Background: Pain associated with routine procedures in NICUs is often inadequately managed. Barriers to more appropriate pain management are nurses' and physicians' knowledge and the challenges of collaborative decision-making. Few studies describe the differing perceptions of procedural pain intensity among nurses and physicians in NICUs which could complicate common decision-making. This study set out to explore the factors influencing pain intensity assessment and to gain insight into a possible pain intensity classification of routine procedures in the NICU.
Method: A survey was conducted among 431 neonatal health care professionals from 4 tertiary level NICUs. Each routine procedure was assessed on a 10-point visual analogue scale (VAS) assuming absence of analgesia.

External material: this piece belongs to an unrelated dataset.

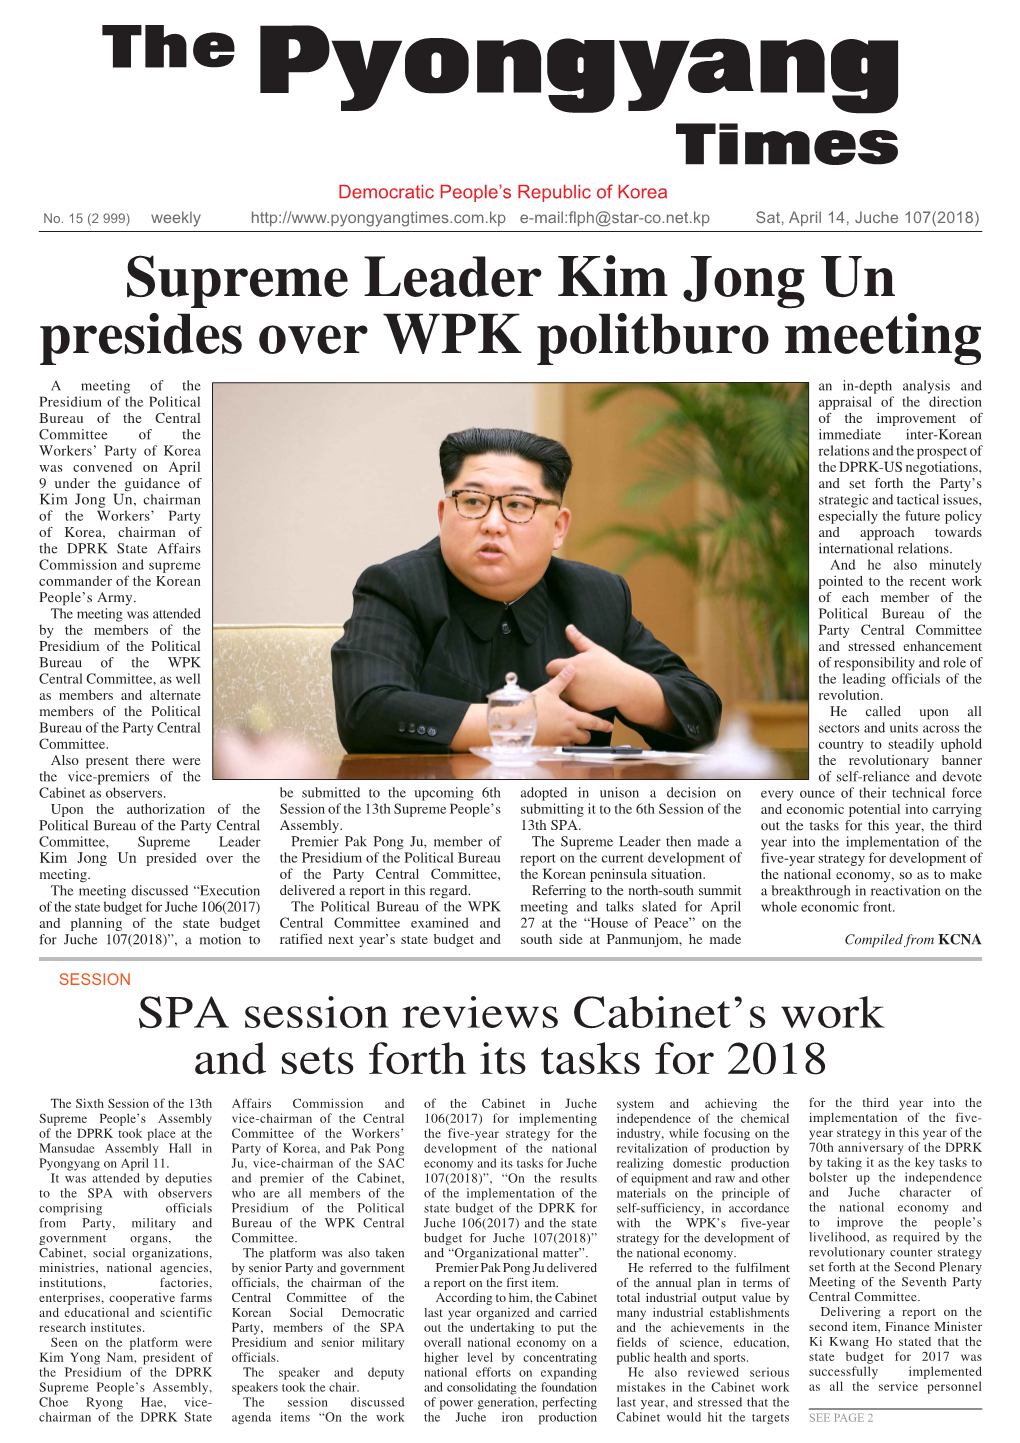 Supreme Leader Kim Jong Un Presides Over WPK Politburo Meeting

Results: Multiple ANCOVA models showed that nurses rated 19 of the 27 procedures as significantly more painful than did physicians (p<0.05). We found no differences in pain assessment based on professional experience, gender or age. Of the 27 procedures listed, 70% were rated as painful and 44% were judged very painful. Ranking and classification of the pain intensity of routine procedures were drawn up. The general ranking of the median across all procedures shows that "insertion of a thoracic drain" is assessed as the most painful procedure.
Conclusions: The majority of routine procedures in an NICU are considered to be painful. Nurses generally rate procedures as more painful than do physicians. This difference in assessment deserves exploration in regard to its impact on collaborative decision-making in neonate pain management.